Highlights:
- Developers can save a lot of time and money by using pre-trained foundation models instead of having to start from scratch when training a language model.
- The first is a generative LLM for information extraction, open-ended question and answer, classification, text generation, and summarization.
Amazon Web Services Inc. has recently expanded its reach into artificial intelligence software development by releasing several new tools for generative AI training and deployment on its cloud platform.
The business described new services in a post on the AWS Machine Learning blog, including the capacity to build and train foundation models, which are extensive, pre-trained language models that lay the groundwork for particular natural language processing tasks.
Deep learning techniques are generally used to train foundation models on enormous volumes of text data, enabling them to become adept at understanding the subtleties of human language and produce content nearly indistinguishable from that written by humans.
When training a language model, developers can save time and money using pre-trained foundation models instead of starting from scratch.

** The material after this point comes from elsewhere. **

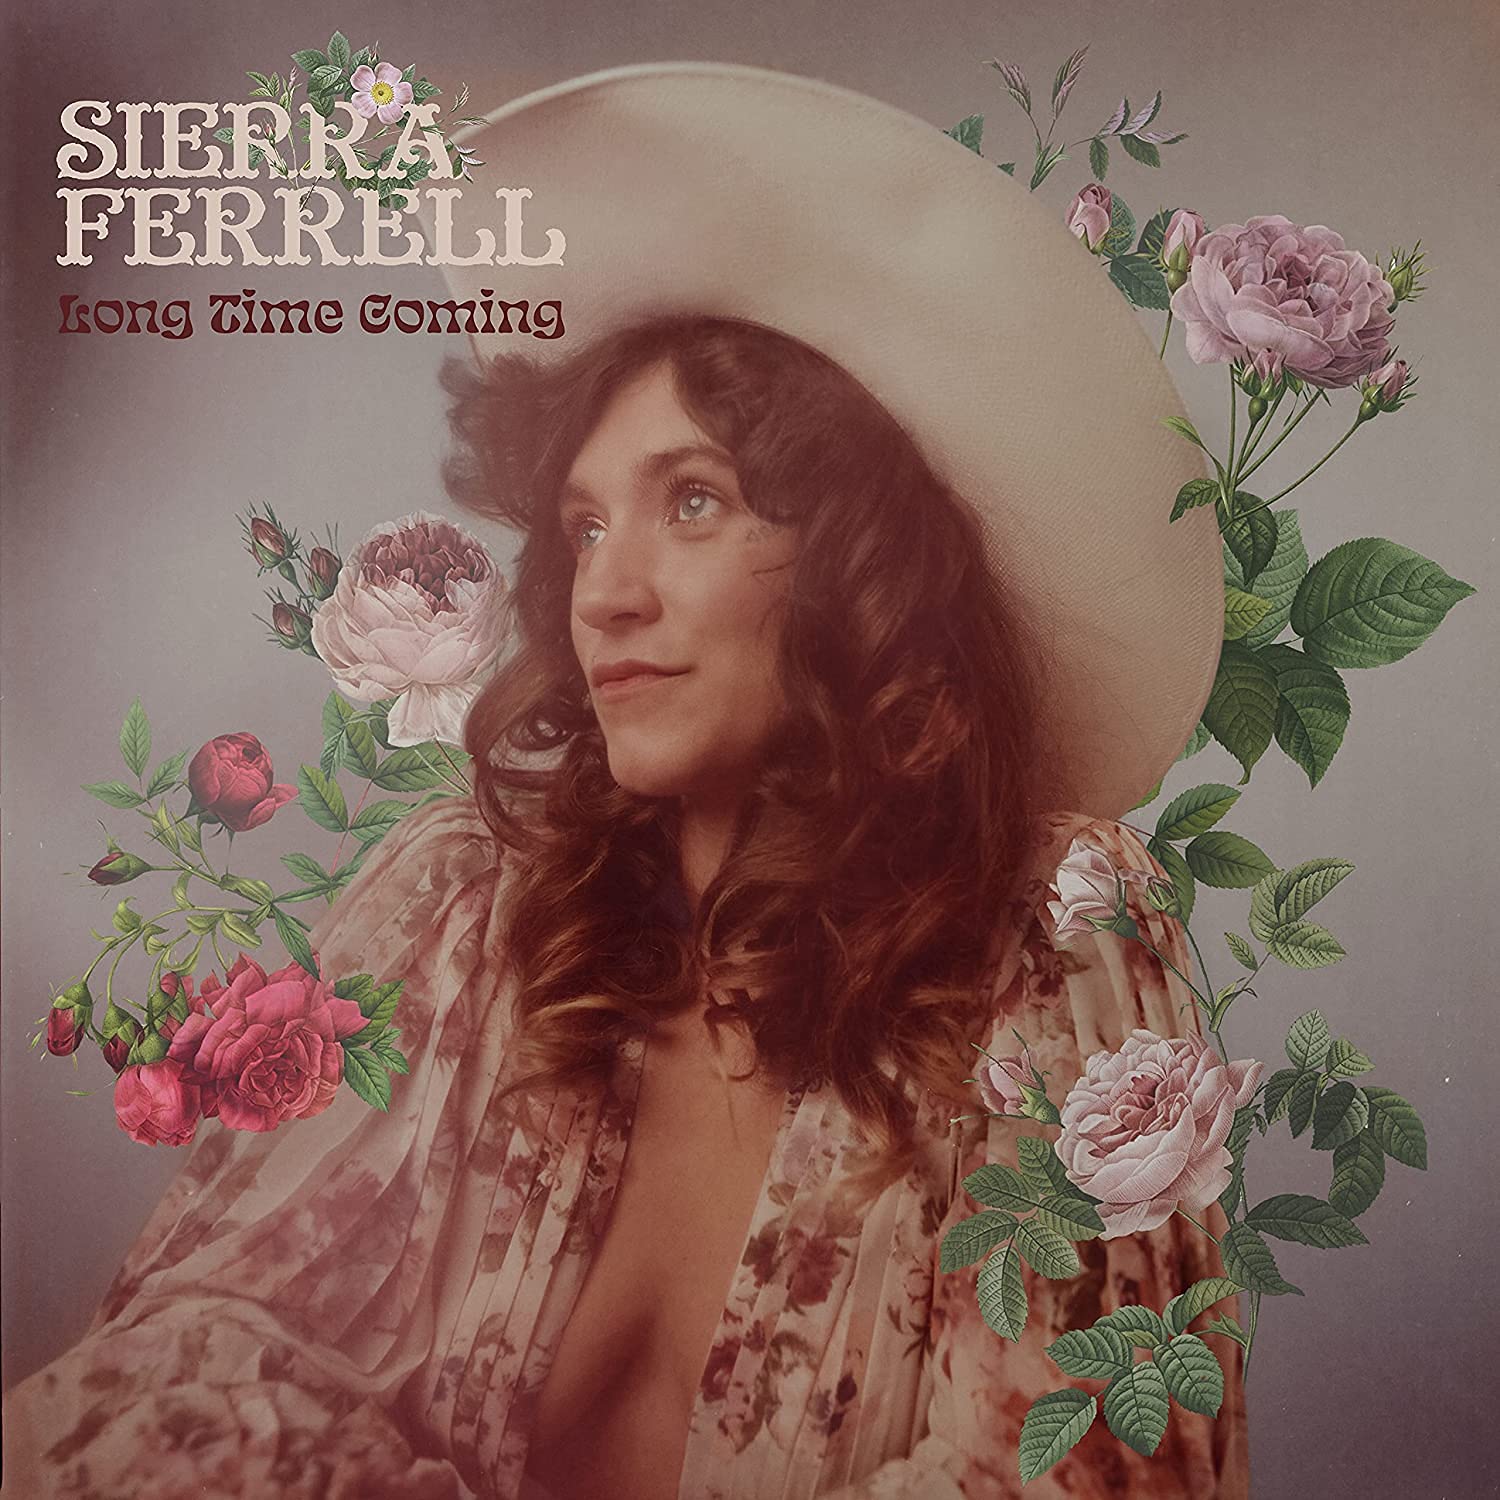 Vinile Sierra Ferrell - Long Time Coming NUOVO SIGILLATO, EDIZIONE DEL 20/08/2021 SUBITO DISPONIBILE

A foundation model for text generation, sentiment analysis, and language translation is the Generative Pre-trained Transformer (GPT) from OpenAI LLC.
LLM Choices
Bedrock’s brand-new service makes foundation models from various sources accessible through an API. The Jurassic-2 multilingual large language models from AI21 Labs Ltd., which produce text in Spanish, French, German, Portuguese, Italian, and Dutch, and Anthropic’s PBC’s Claude LLM, a conversational and text processing system that follows moral AI system training principles are included. Users can use the API to access Stability AI Ltd. and Amazon LLMs.
According to Swami Sivasubramanian, Vice President of database, analytics, and machine learning at AWS, foundation models are pre-trained at the internet scale. They can therefore be customized with comparatively little additional training. He used the example of a fashion retailer’s content marketing manager, who could give Bedrock as few as 20 examples of effective taglines from past campaign examples with relevant product descriptions. Bedrock will then automatically generate effective social media posts, display ad images, and web copy for the new products.
In addition to the Bedrock announcement, AWS is releasing two new Titan large language models. The first is a generative LLM for information extraction, open-ended question and answer, classification, text generation, and summarization. The second LLM converts text prompts into numerical representations, including the meaning of the text and helps build contextual responses beyond paraphrasing.
No mention of OpenAI, in which Microsoft Corp. is a significant investor, was made in the announcement. Still, given the market’s demand for substantial language models, this shouldn’t be a problem for Amazon.
Although AWS is behind Microsoft and Google LLC in bringing its LLM to market, Kandaswamy argued that this shouldn’t be considered a competitive disadvantage. He said, “I don’t think anyone is so behind that they have to play catchup. It might appear that there is a big race, but the customers we speak with, other than very early adopters, have no idea what to do with it.”
Hardware Boost
Additionally, AWS is upgrading its hardware to provide training and inference on its cloud. New, network-optimized EC2 Trn1n instances now offer 1,600 gigabits per second of network bandwidth, or about a 20% performance increase, and feature the company’s exclusive Trainium and Inferentia2 processors. Additionally, the business’s Inf2 instances, which use Inferentia2 for inferencing of massively multi-parameter generative AI applications, are now generally available.
CodeWhisperer, an AI coding companion that uses a foundation model to produce code suggestions in real-time based on previous code and natural language comments in an integrated development environment, is another product whose availability has been announced. The tool is accessible from some IDEs and supports Python, Java, JavaScript, TypeScript, C#, and ten other languages.
Sivasubramanian wrote, “Developers can simply tell CodeWhisperer to do a task, such as ‘parse a CSV string of songs’ and ask it to return a structured list based on values such as artist, title and highest chart rank.” CodeWhisperer produces “an entire function that parses the string and returns the list as specified.” He said that developers who used the preview version reported improvement of 57% in speed with a 27% higher success rate.
As many players attempt to capitalize on the success of proofs of a concept like ChatGPT, the LLM landscape will likely remain dispersed and chaotic for the foreseeable future. As Google’s Natural Language API has in speech recognition, it’s unlikely that any one model will come to dominate the market, according to Kandaswamy.
He said, “Just because a model is good at one thing doesn’t mean it’s going to be good with everything. It’s possible over two or three years everybody will offer everybody else’s model. There will be more blending and cross-technology relationships.”